Please return the data word for word and leave out any picture it contains.

**Source material**.
◇ ◇ ◇ ◇

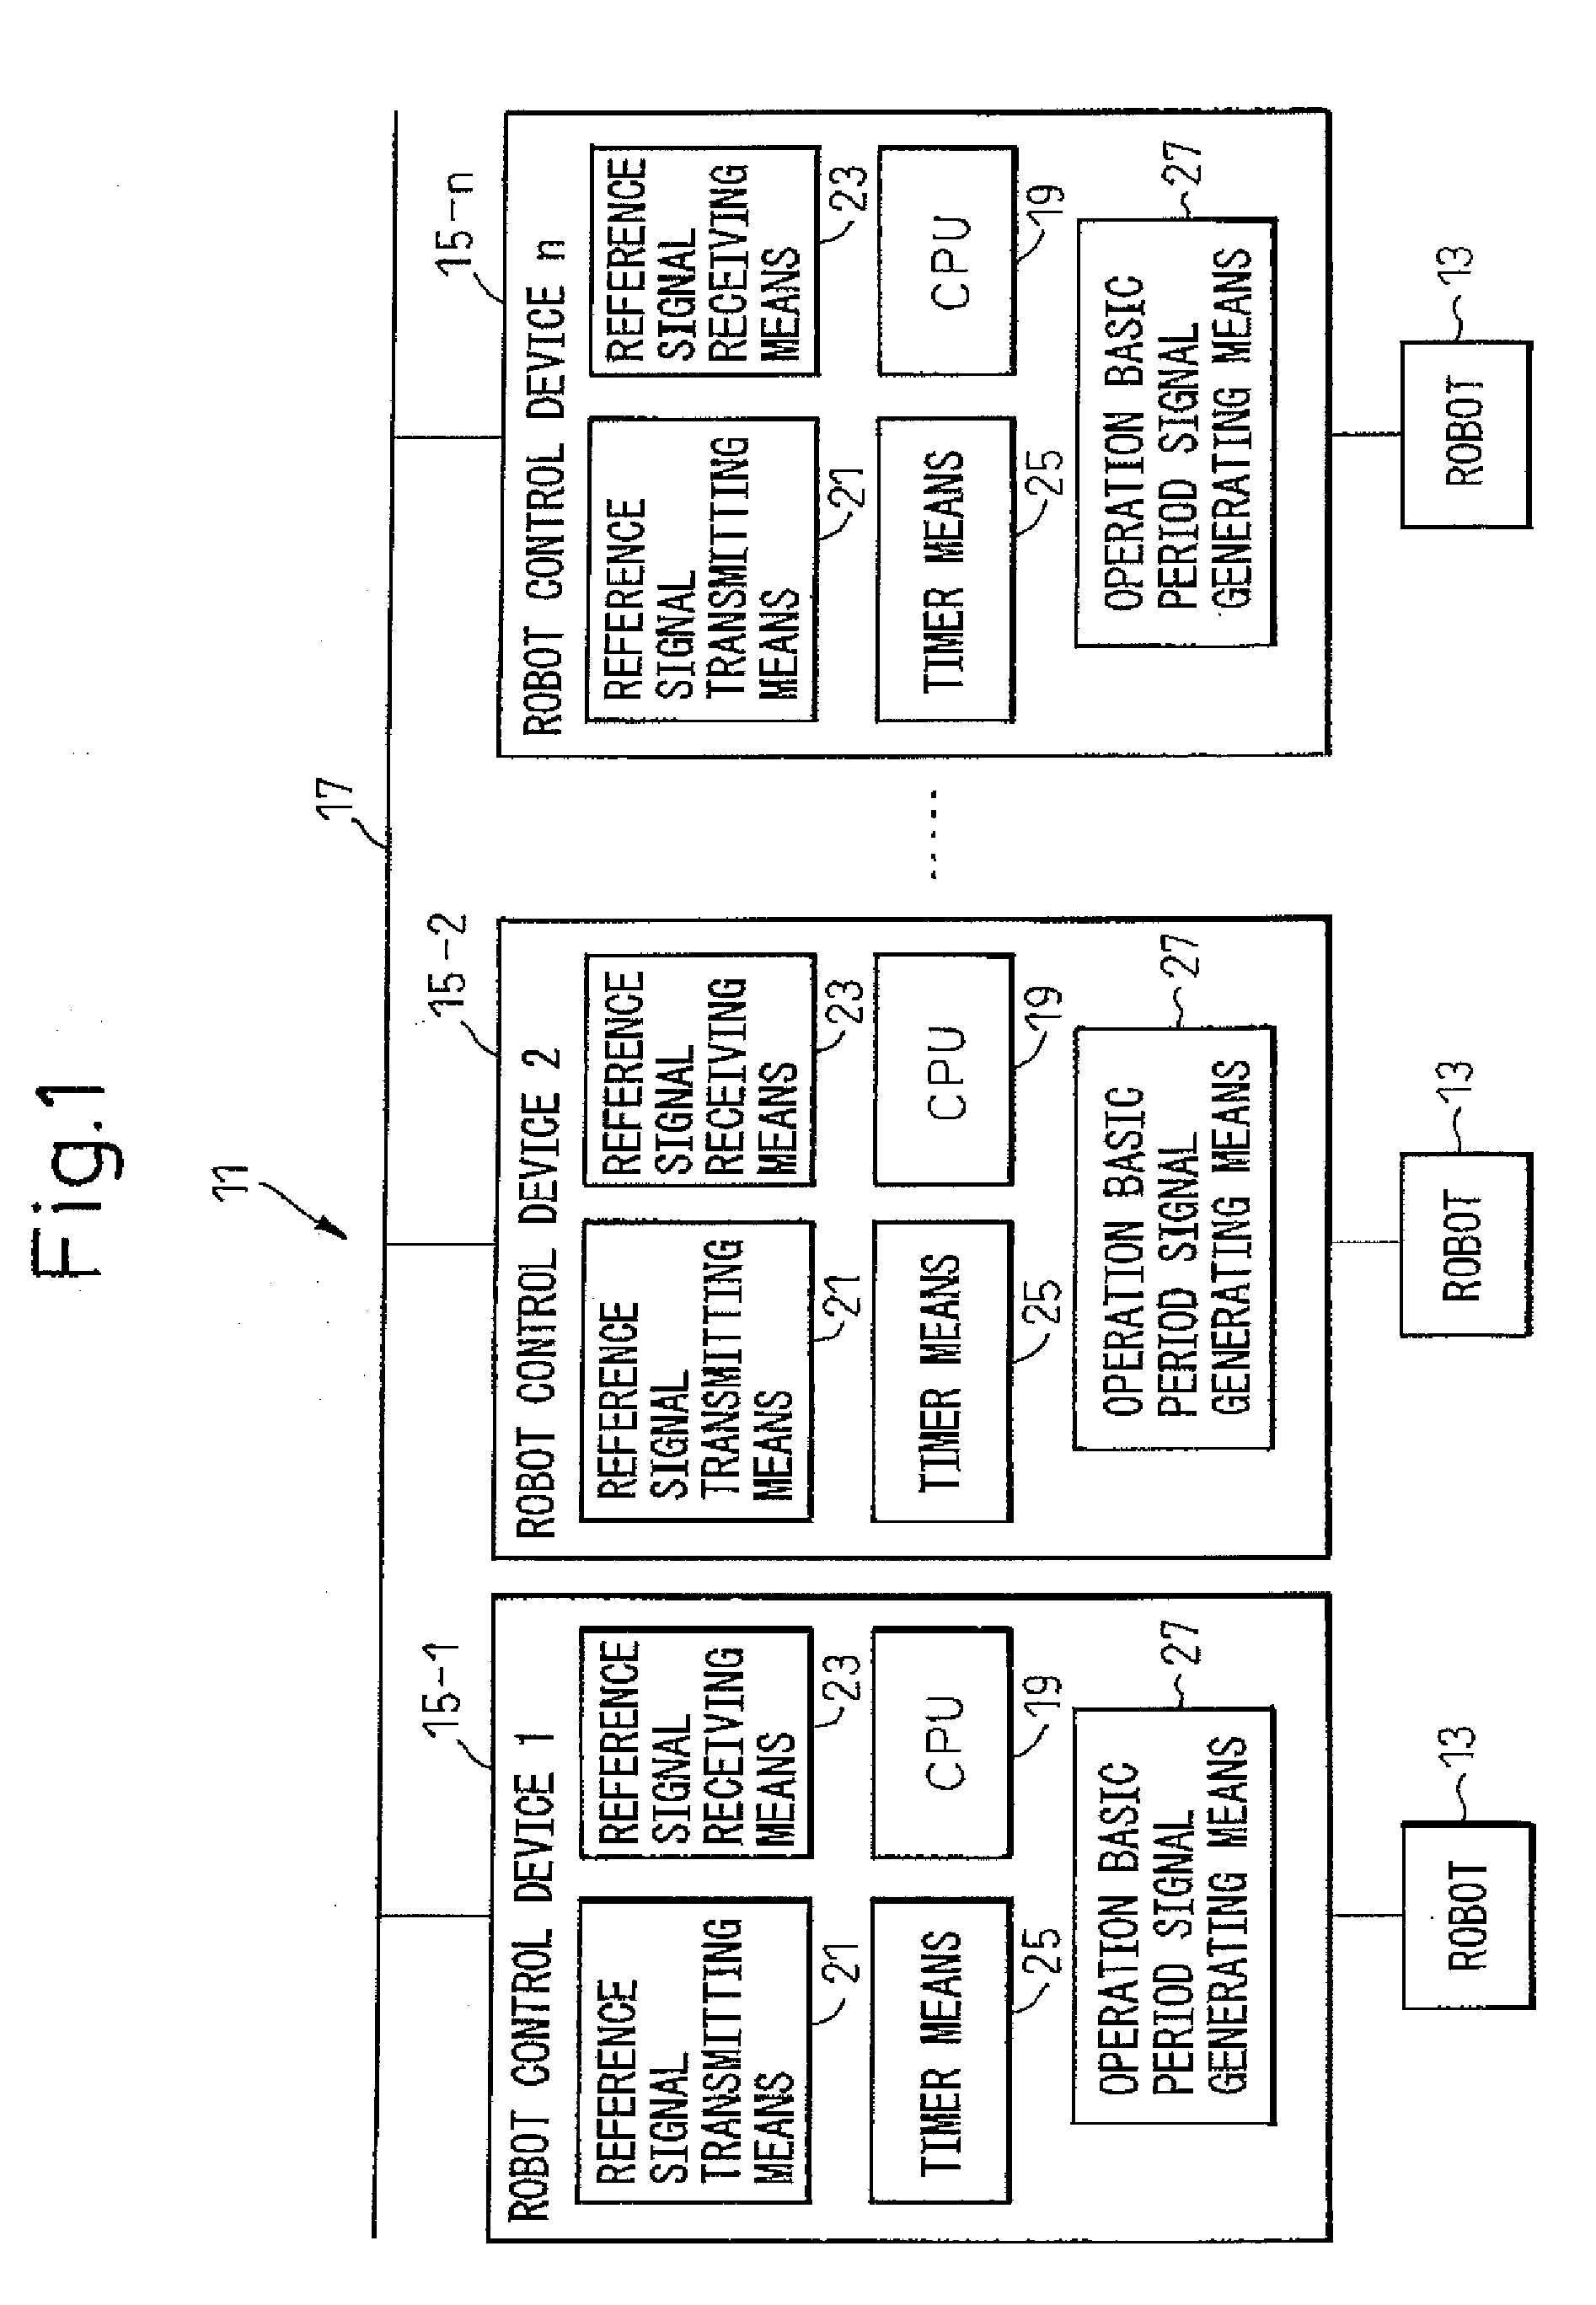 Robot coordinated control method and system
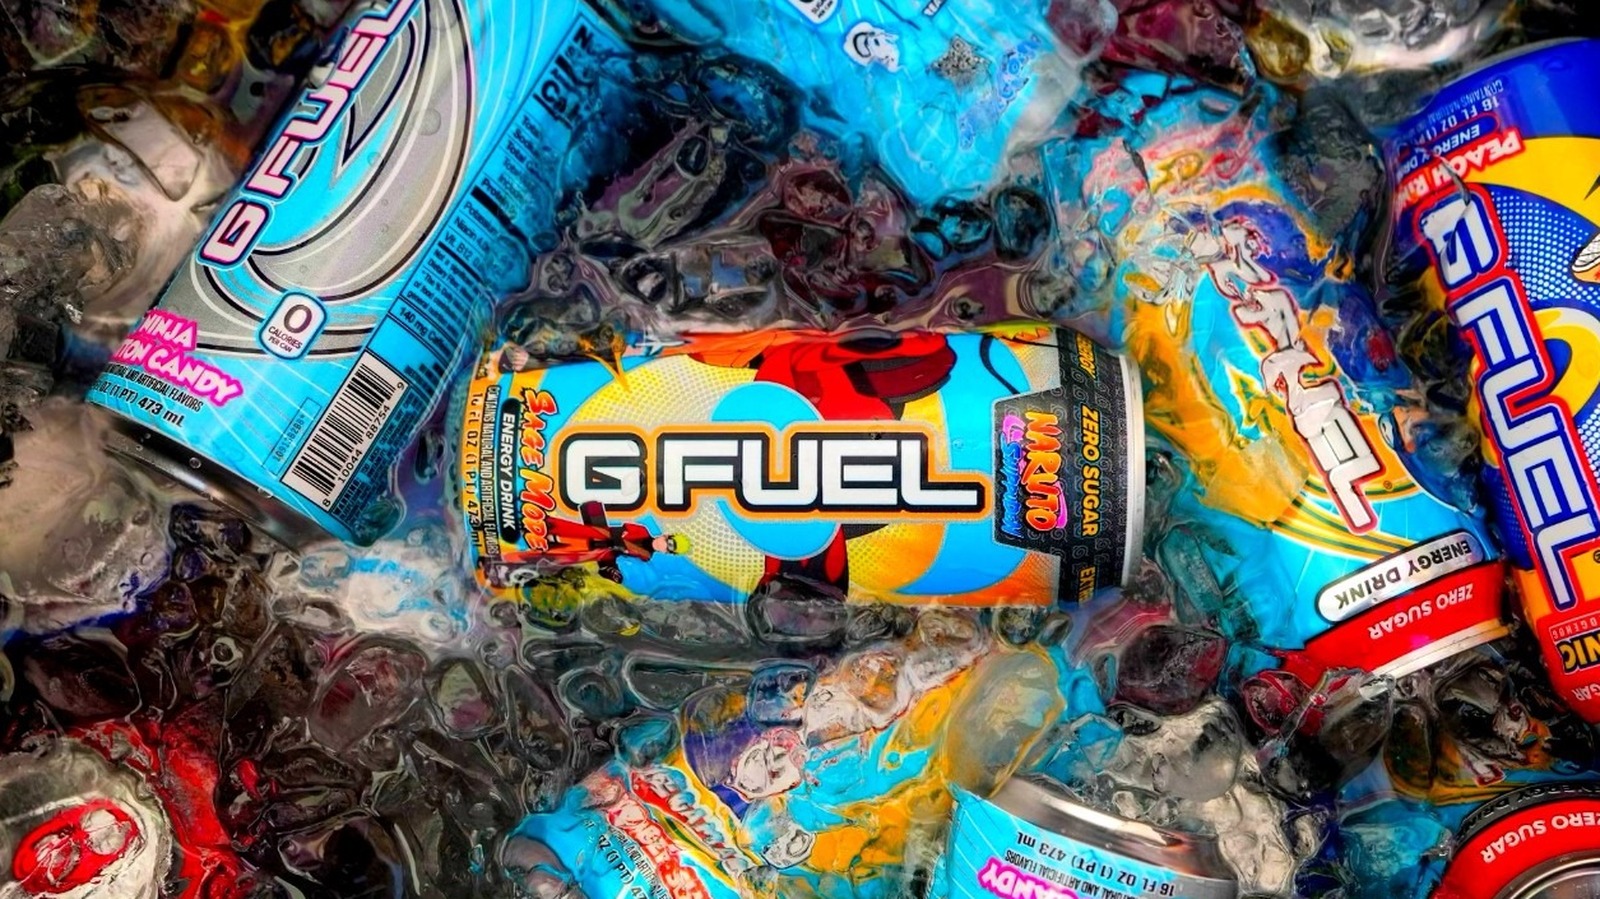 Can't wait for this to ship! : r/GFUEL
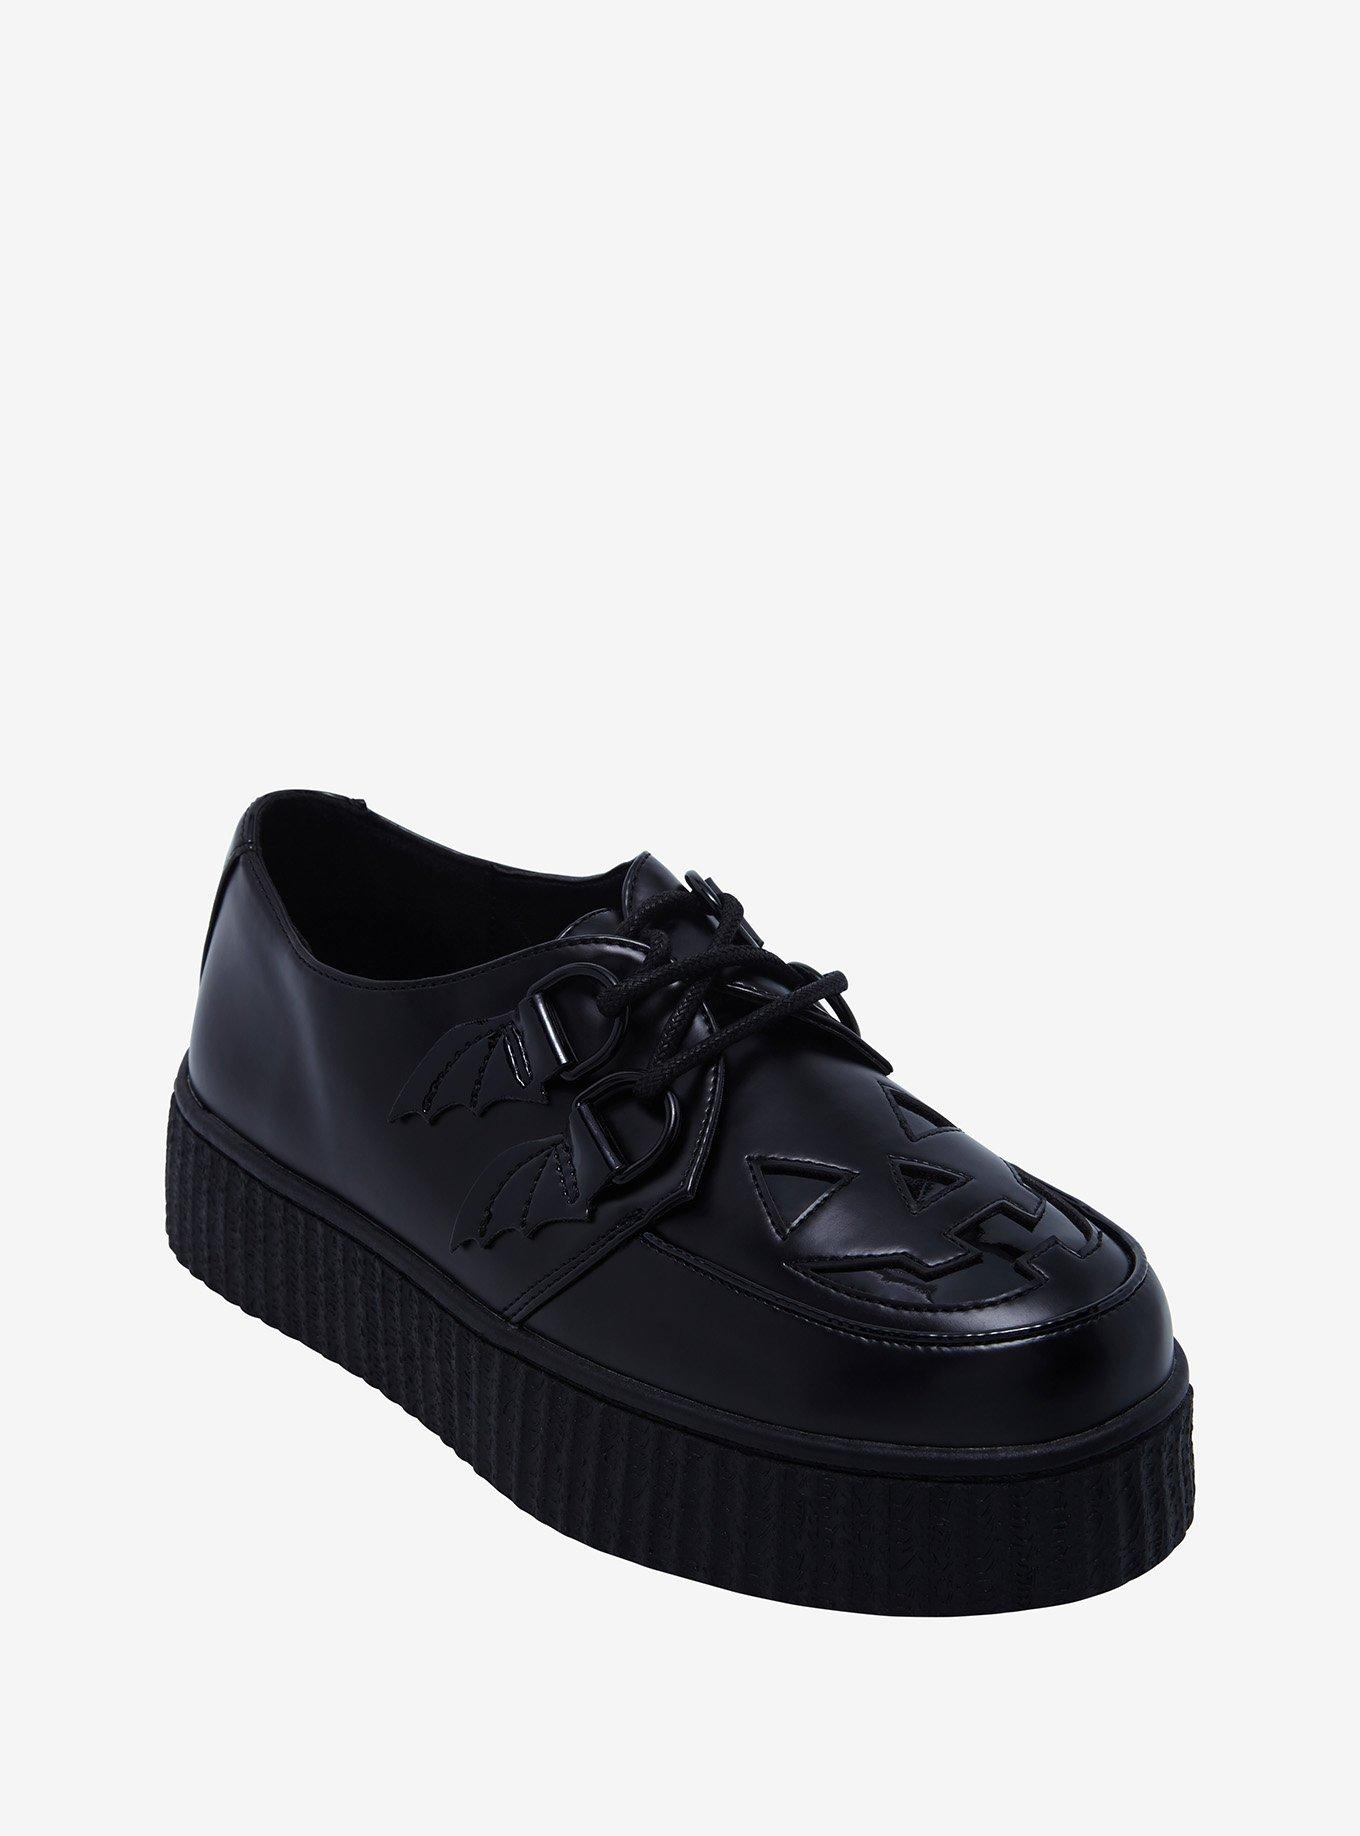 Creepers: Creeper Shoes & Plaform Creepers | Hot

◇ ◇ ◇ ◇

**Response area**.
 Robot coordinated control method and system
 Can't wait for this to ship! : r/GFUEL
 Creepers: Creeper Shoes & Plaform Creepers | Hot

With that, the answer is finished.